PLUTO  4.4-patch2
Functions
prim_eqn.c File Reference

Compute the right hand side of the primitive HD/MHD equations. More...

#include "pluto.h"

Functions

void PrimRHS (double *v, double *dv, double cs2, double h, double *Adv)
 
void PrimSource (const State *gas, double **src, int beg, int end, Grid *grid)
 

Detailed Description

Implements the right hand side of the quasi-linear form of the MHD equations.
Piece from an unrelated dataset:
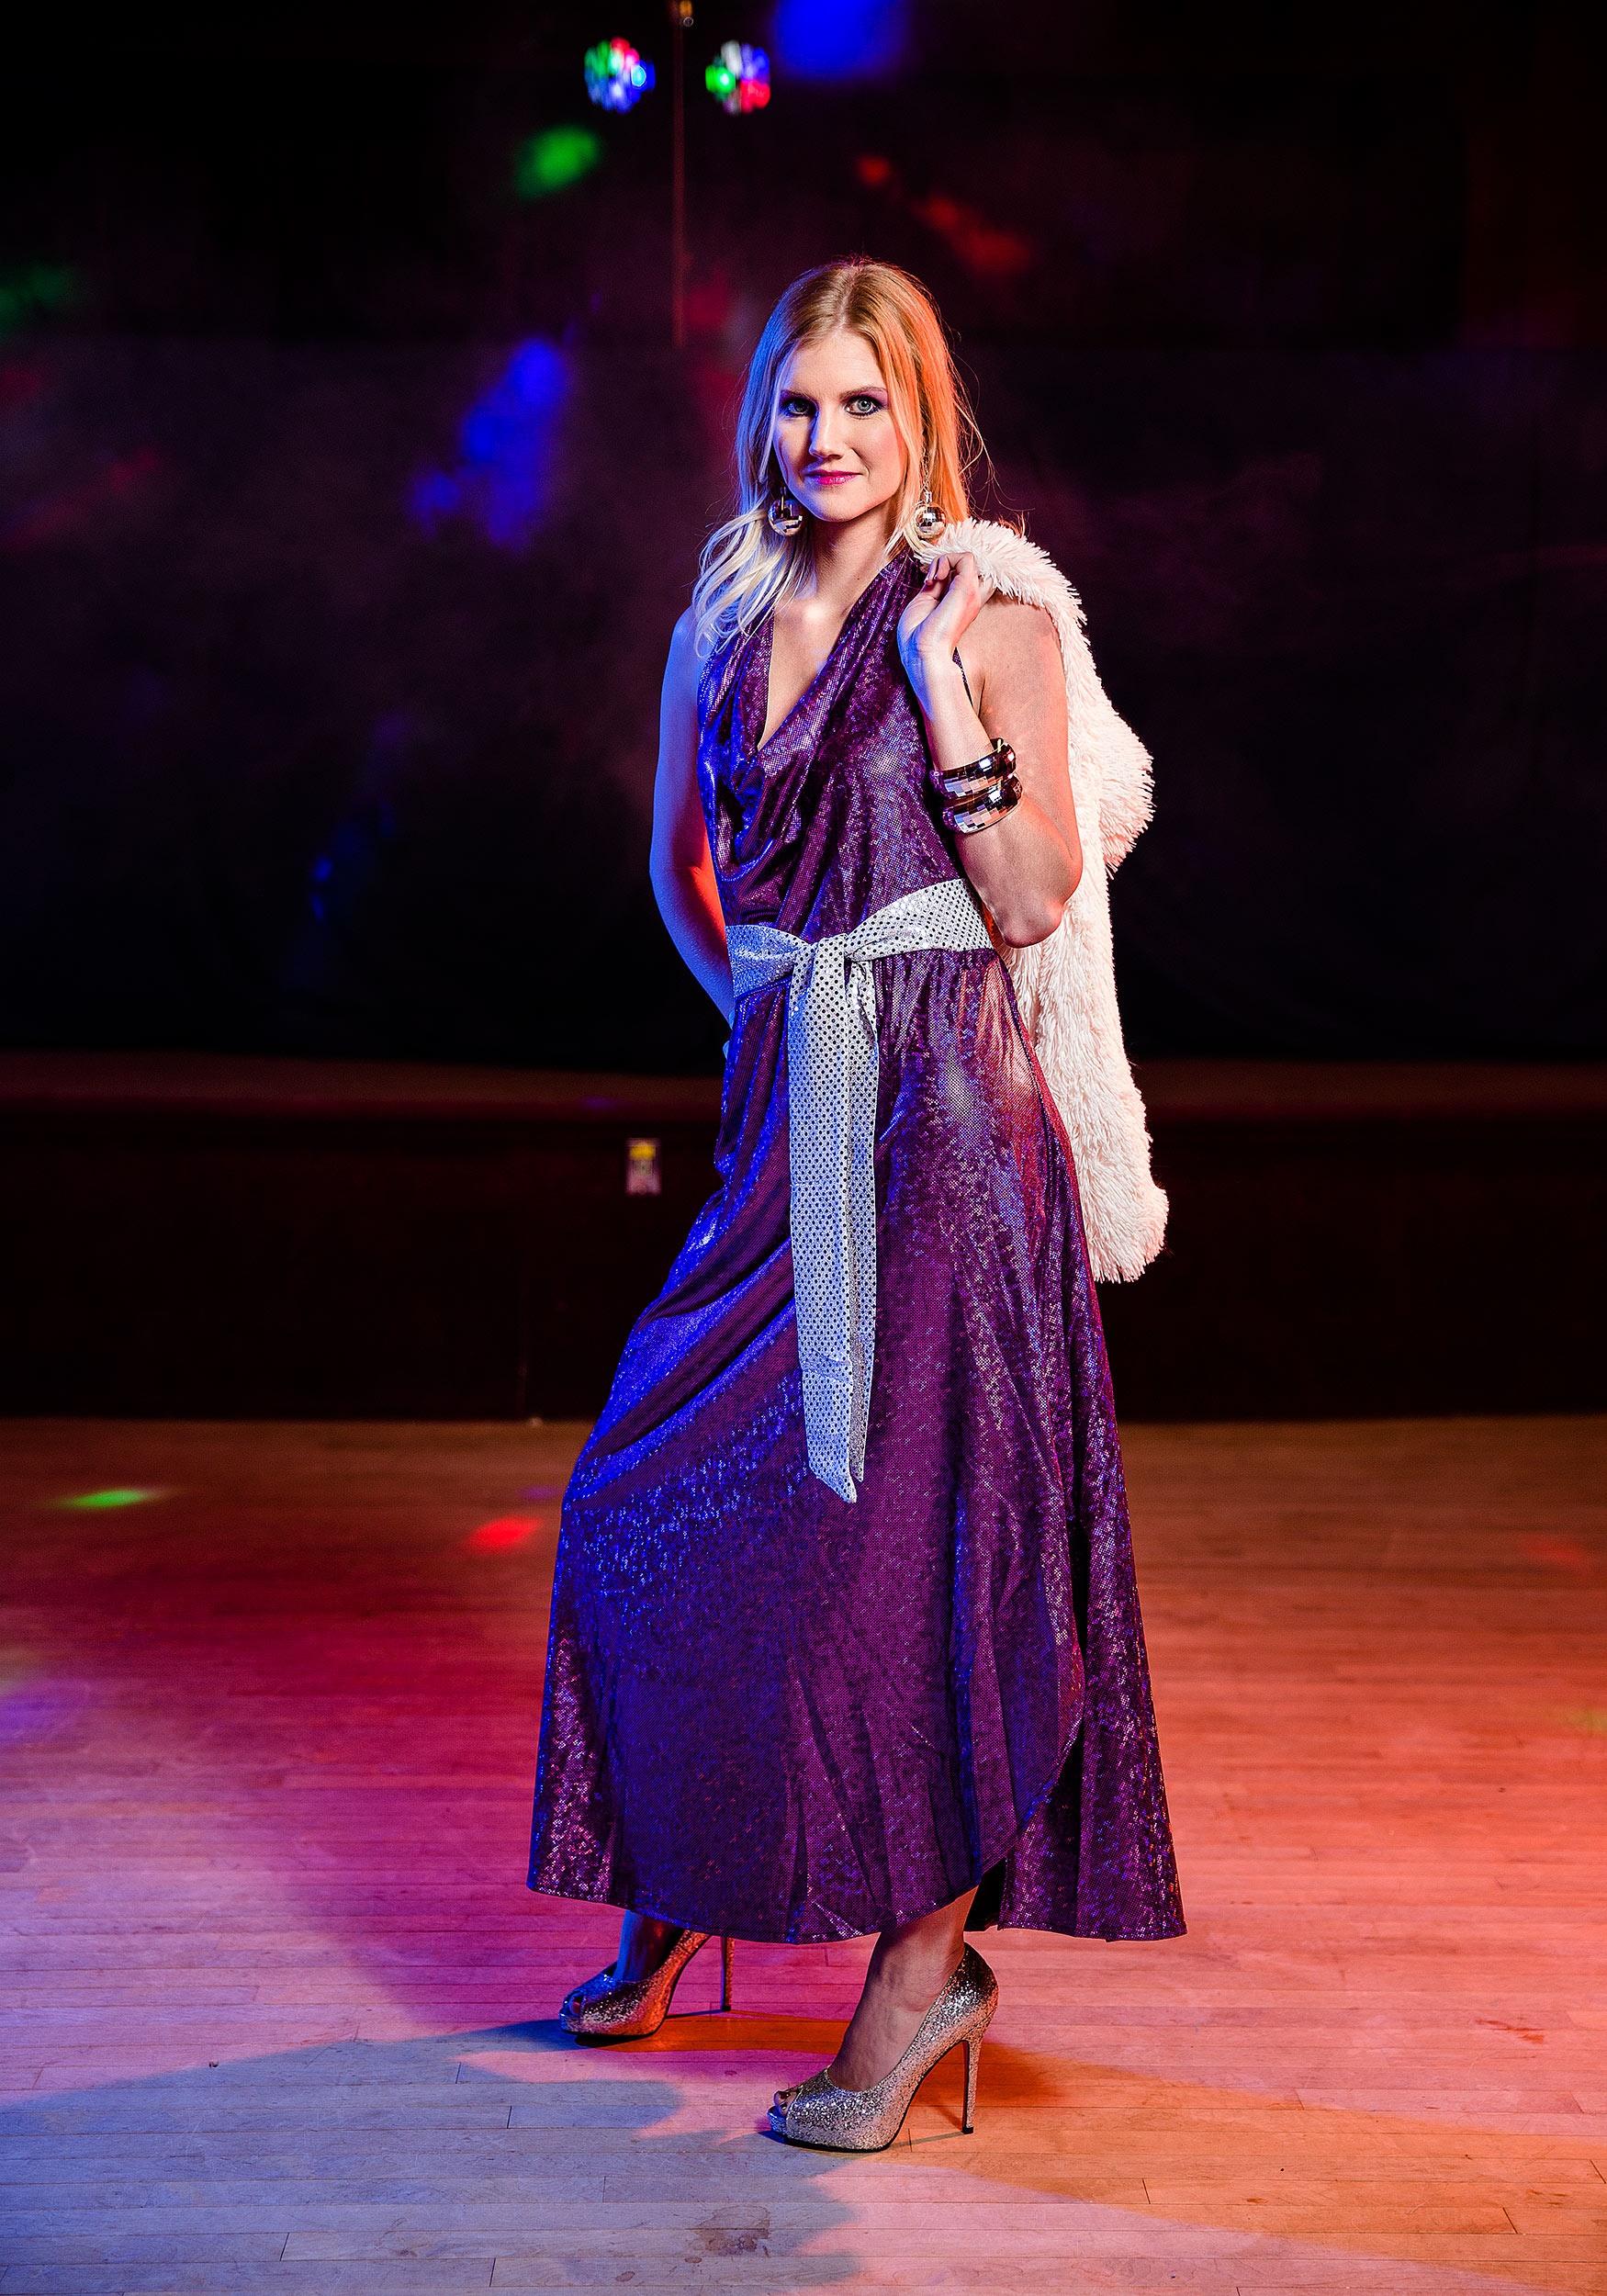 Women 39 s plus size disco ball diva costume - Discoteca diva ispra ...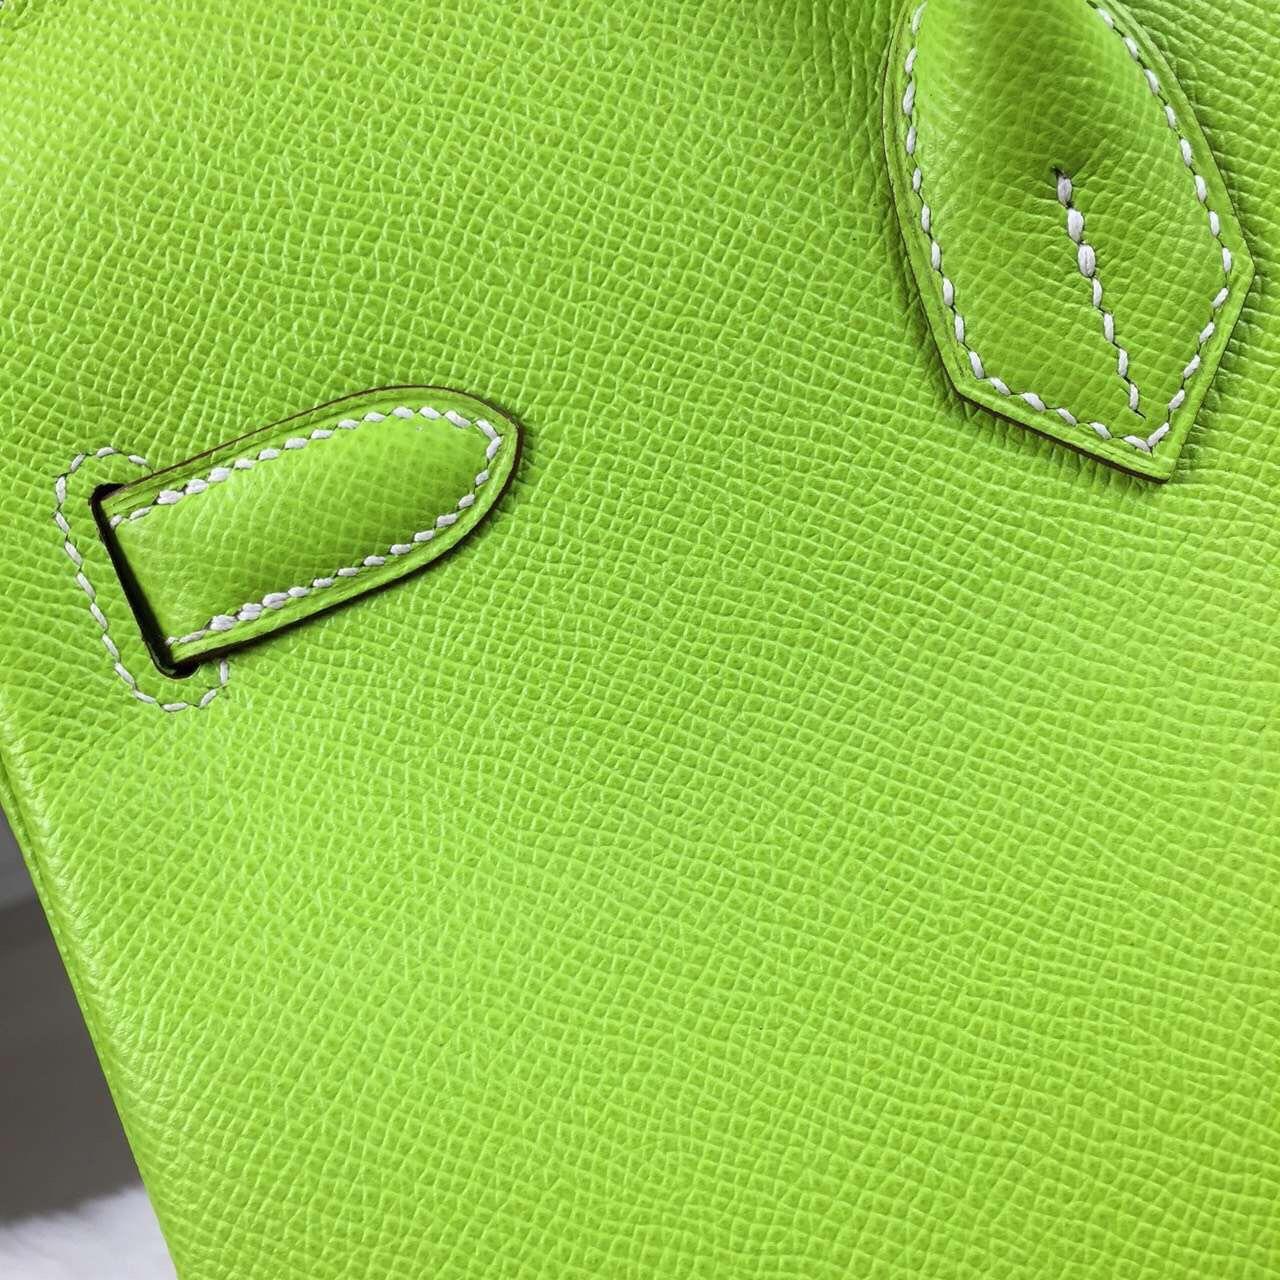 Wholesale Hermes Birkin Bag35cm Epsom Calfskin Leather in Kiwi Green

In 1D this may be written as

\[ \partial_t{\mathbf{V}} = - A\cdot\partial_x\mathbf{V} + \mathbf{S} \]

where $ A $ is the matrix of the primitive form of the equations, $ S $ is the source term.

Reference

The function PrimRHS() implements the first term while PrimSource() implements the source term part.

Author
A. Mignone (migno.nosp@m.ne@t.nosp@m.o.inf.nosp@m.n.it)
Date
Aug 27, 2020

Function Documentation

◆ PrimRHS()

void PrimRHS ( double *  v,
double *  dv,
double  cs2,
double  h,
double *  Adv 
)

Compute the matrix-vector multiplication $ A(\mathbf{v})\cdot d\mathbf{v} $ where A is the matrix of the quasi-linear form of the MHD equations.

References

  • "A solution adaptive upwind scheme for ideal MHD", Powell et al., JCP (1999) 154, 284
  • "An unsplit Godunov method for ideal MHD via constrained transport" Gardiner & Stone, JCP (2005) 205, 509
Parameters
[in]vvector of primitive variables
[in]dvlimited (linear) slopes
[in]cs2local sound speed
[in]hlocal enthalpy
[out]AdVmatrix-vector product
Returns
This function has no return value.

◆ PrimSource()

void PrimSource ( const State gas,
double **  src,
int  beg,
int  end,
Grid grid 
)

Compute source terms of the MHD equations in primitive variables. These include:

  • Geometrical sources;
  • Shearing-box terms
  • Gravity;
  • terms related to divergence of B control (Powell eight wave and GLM);
  • FARGO source terms.

The rationale for choosing during which sweep a particular source term has to be incorporated should match the same criterion used during the conservative update. For instance, in polar or cylindrical coordinates, curvilinear source terms are included during the radial sweep only.

Parameters
[in]gaspointer to a Sweep structure
[out]srcarray of source terms
[in]beginitial index of computation
[in]endfinal index of computation
[in]gridpointer to a Grid structure
Note
This function does not work in spherical coordinates yet. For future implementations we annotate hereafter the induction equation in spherical coordinates:

\[ \partial_tB_r + \frac{1}{r}\partial_\theta E_\phi - \frac{1}{r\sin\theta}\partial_\phi E_\theta = -E_\phi\cot\theta/r \]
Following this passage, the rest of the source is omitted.